Problem requirements:
Begin your copy at the line that holds "Familie um ein" and carry it through the final line of the data, writing out each line exactly and omitting pictures.

Dataset content:
______

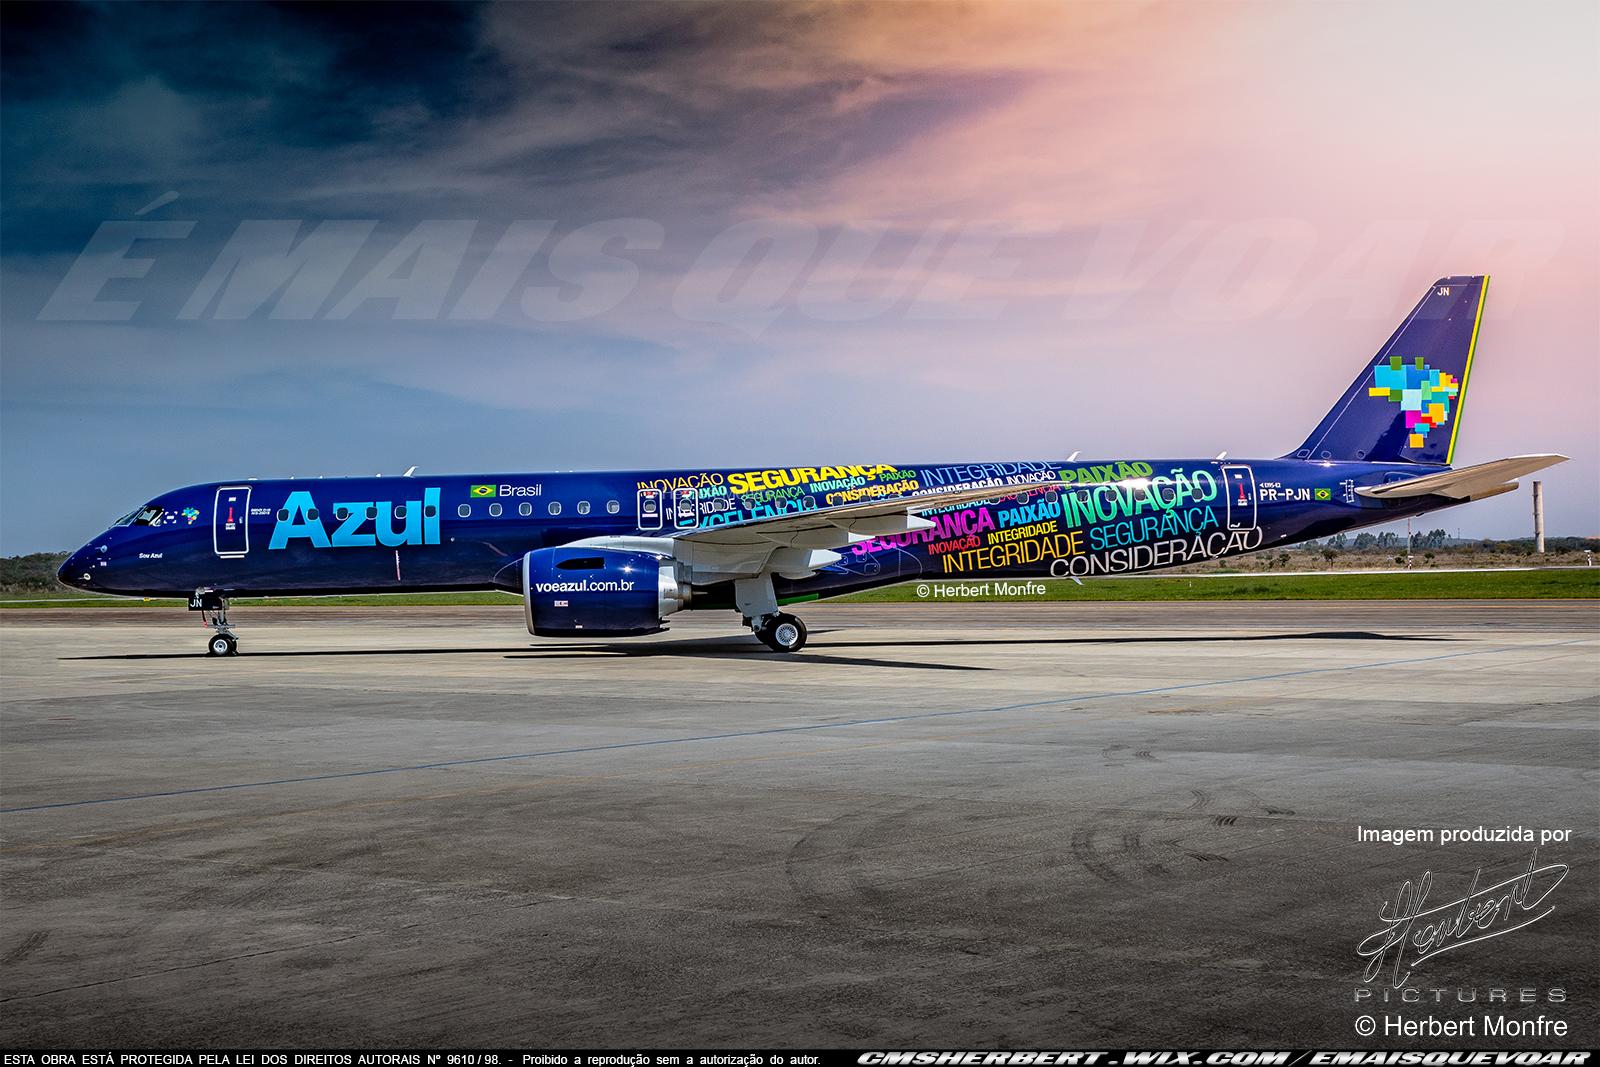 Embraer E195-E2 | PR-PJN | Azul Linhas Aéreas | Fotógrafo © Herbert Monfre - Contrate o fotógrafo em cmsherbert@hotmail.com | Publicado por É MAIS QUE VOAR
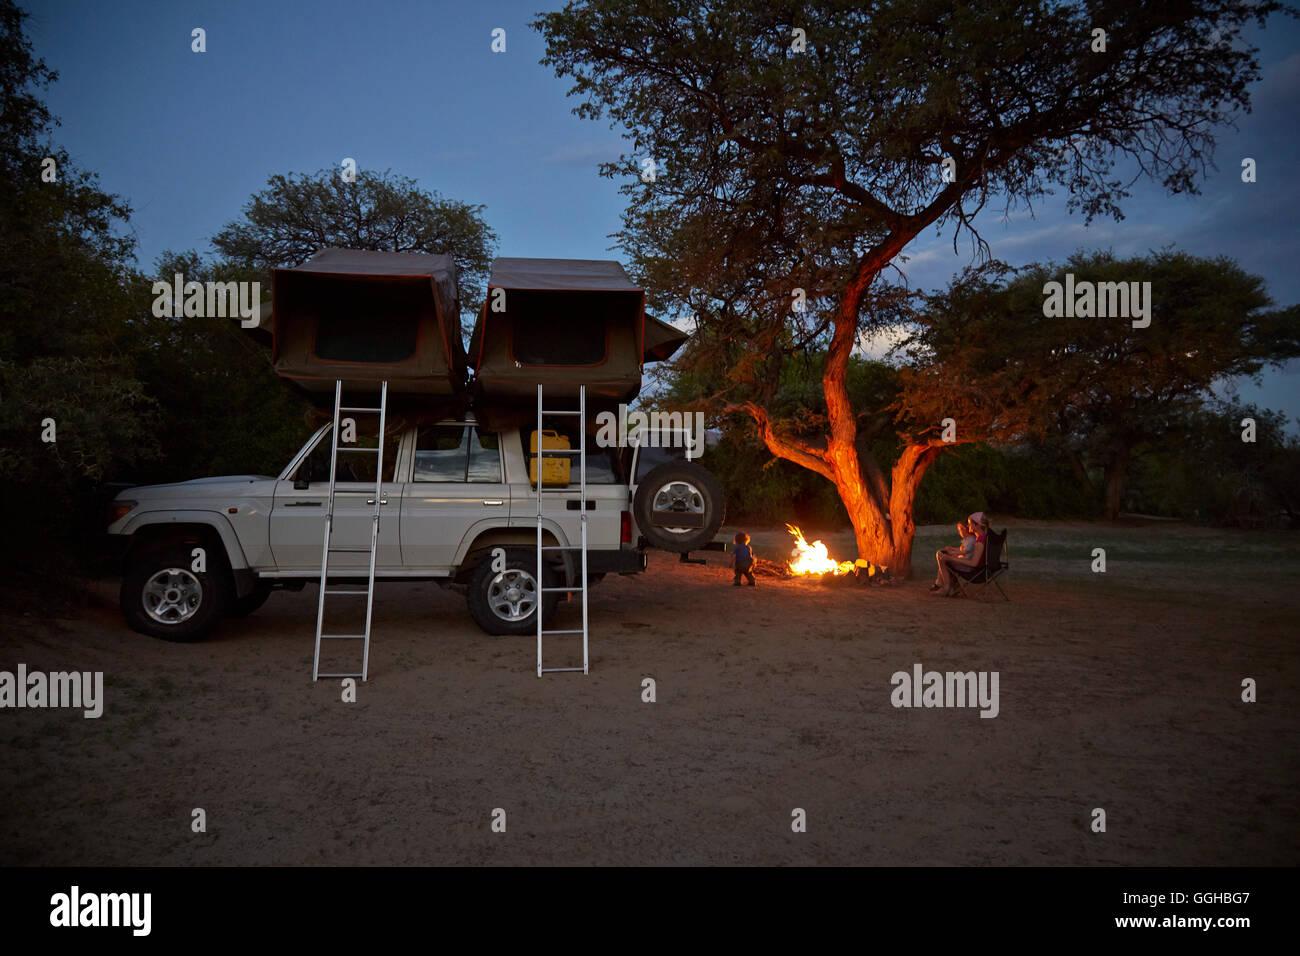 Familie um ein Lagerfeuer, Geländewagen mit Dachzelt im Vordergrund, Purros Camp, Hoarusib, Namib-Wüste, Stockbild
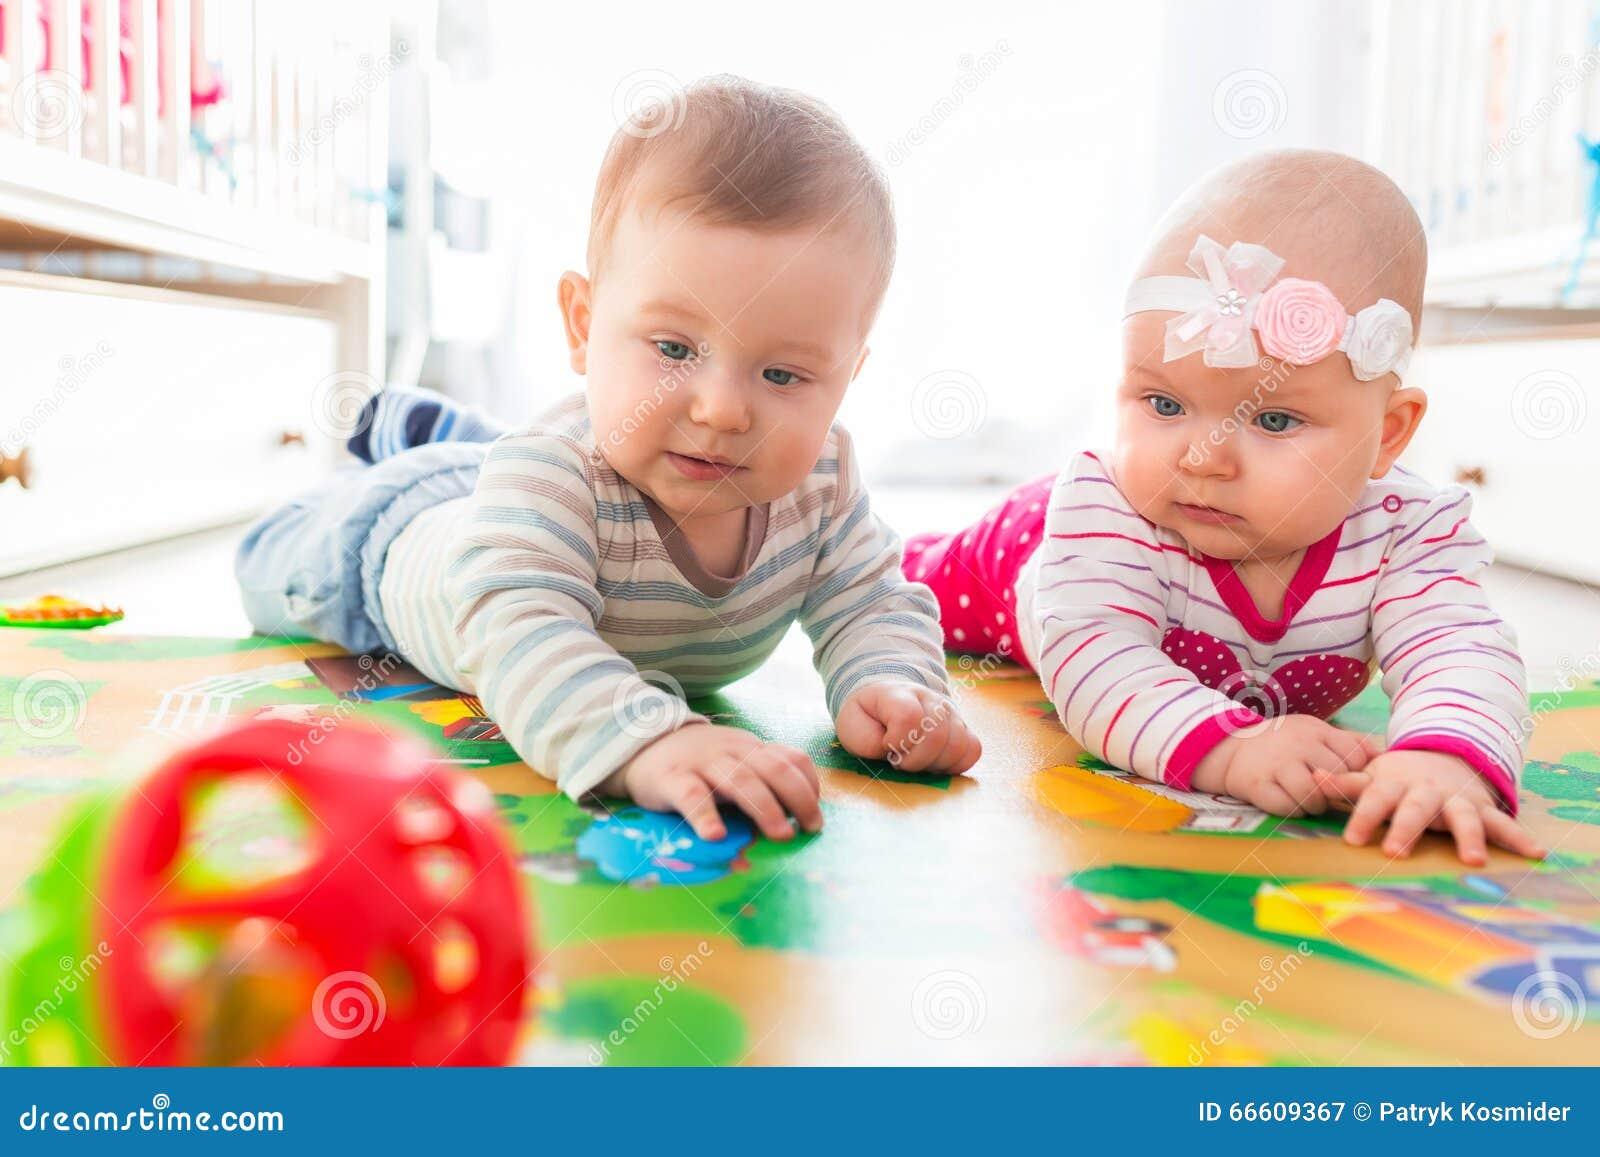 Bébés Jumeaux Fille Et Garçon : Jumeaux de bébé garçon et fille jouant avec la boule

______

Problem solution:
 Familie um ein Lagerfeuer, Geländewagen mit Dachzelt im Vordergrund, Purros Camp, Hoarusib, Namib-Wüste, Stockbild
 Bébés Jumeaux Fille Et Garçon : Jumeaux de bébé garçon et fille jouant avec la boule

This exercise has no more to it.